All records are stored in an SQLite database. New seeds can easily be added later and reprocessed.
The server components require beanstalkc, pyyaml, and msgpack:
pip install beanstalkc pyyaml msgpack-python
The client components require beanstalkc, pyyaml, msgpack, and psutil:
pip install beanstalkc pyyaml msgpack-python psutil
The client also requires DynamoRIO. Tested with version 6.1 https://github.com/DynamoRIO/dynamorio/wiki/Downloads
Server-side:
beanstalkd -z 30000000000
python distiller.py ./configs/wordpad.yml
[ +D+ ] - Start Seed Inserter
[ +D+ ] - Pushing seed: 2.rtf
[ +D+ ] - Pushing seed: 3.3.rtf
[ +D+ ] - Pushing seed: 1.2.rtf
[ +D+ ] - Pushing seed: 3.rtf
[...truncated...]
[ +D+ ] - Seed Inserter Completed
[ +D+ ] - Start preprocessor
[ +D+ ] - Processed trace for seed 2.rtf covering 5082 unique blocks
[ +D+ ] - Processed trace for seed 3.3.rtf covering 5152 unique blocks
[ +D+ ] - Processed trace for seed 1.2.rtf covering 4965 unique blocks
[ +D+ ] - Processed trace for seed 3.rtf covering 5152 unique blocks
[ +D+ ] - All traces have been processed
[ +D+ ] - Start reduction
[ +D+ ] - Reduced set to 2 covering 5157 unique blocks.
[ +D+ ] - Best seed 3.3.rtf covers 5152 unique blocks.

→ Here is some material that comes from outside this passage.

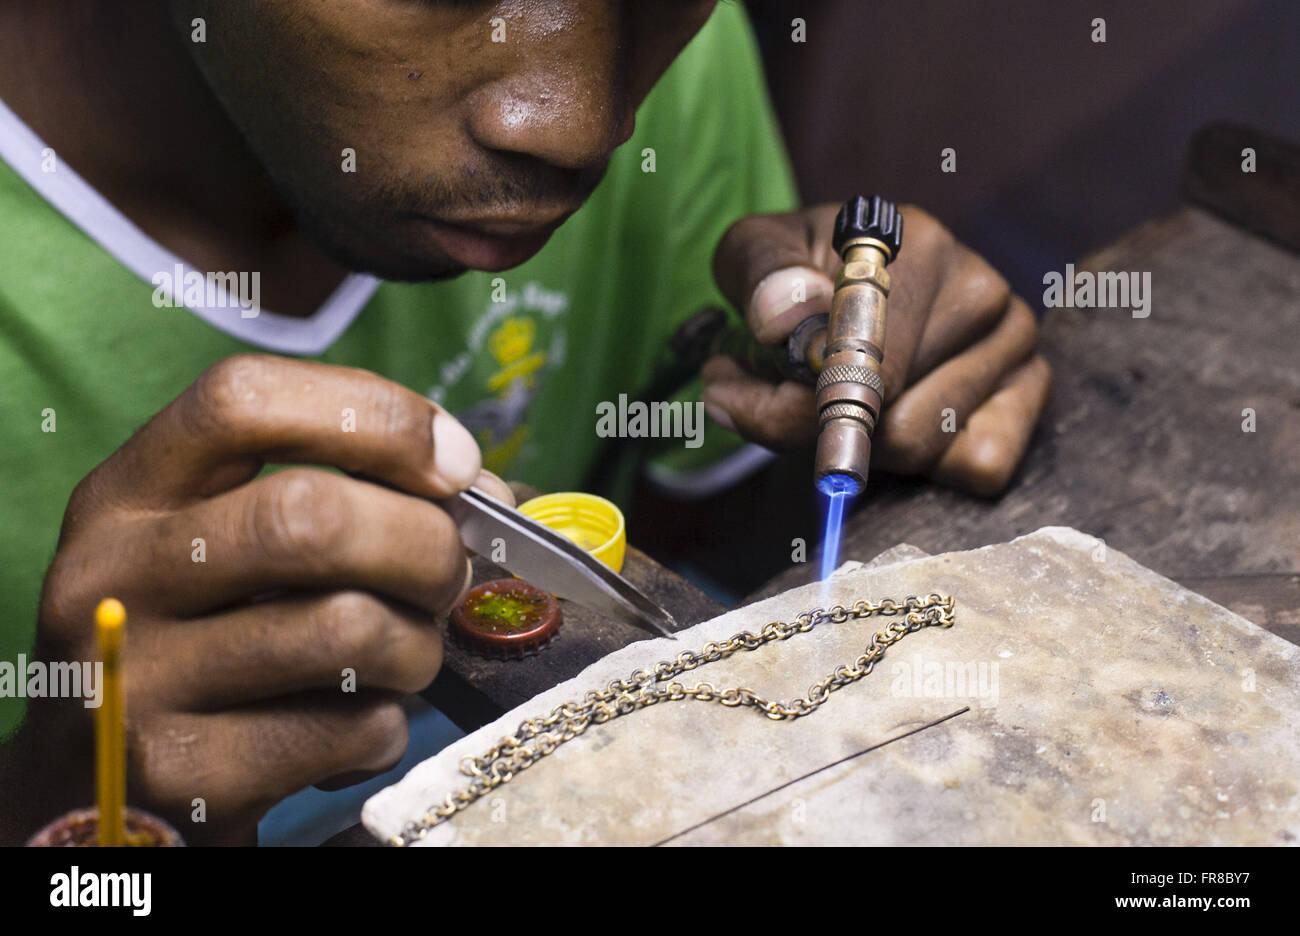 Trabajo orfebre artesanal joyería en filigrana de oro y plata Imagen De Stock

[ +D+ ] - Wrote results to ./results/reduction-results.csv
[ +D+ ] - Reduction completed in 0s
Client-side:
python agent.py .\configs\wordpad.yml
F:\>python agent.py configs\wordpad.yml
[ +D+ ] - Attempting to trace 2.rtf
[ +D+ ] - Attempting to trace 3.3.rtf
[ +D+ ] - Attempting to trace 1.2.rtf
[ +D+ ] - Attempting to trace 3.rtf
[...truncated...]
[ +D+ ] No trace jobs available.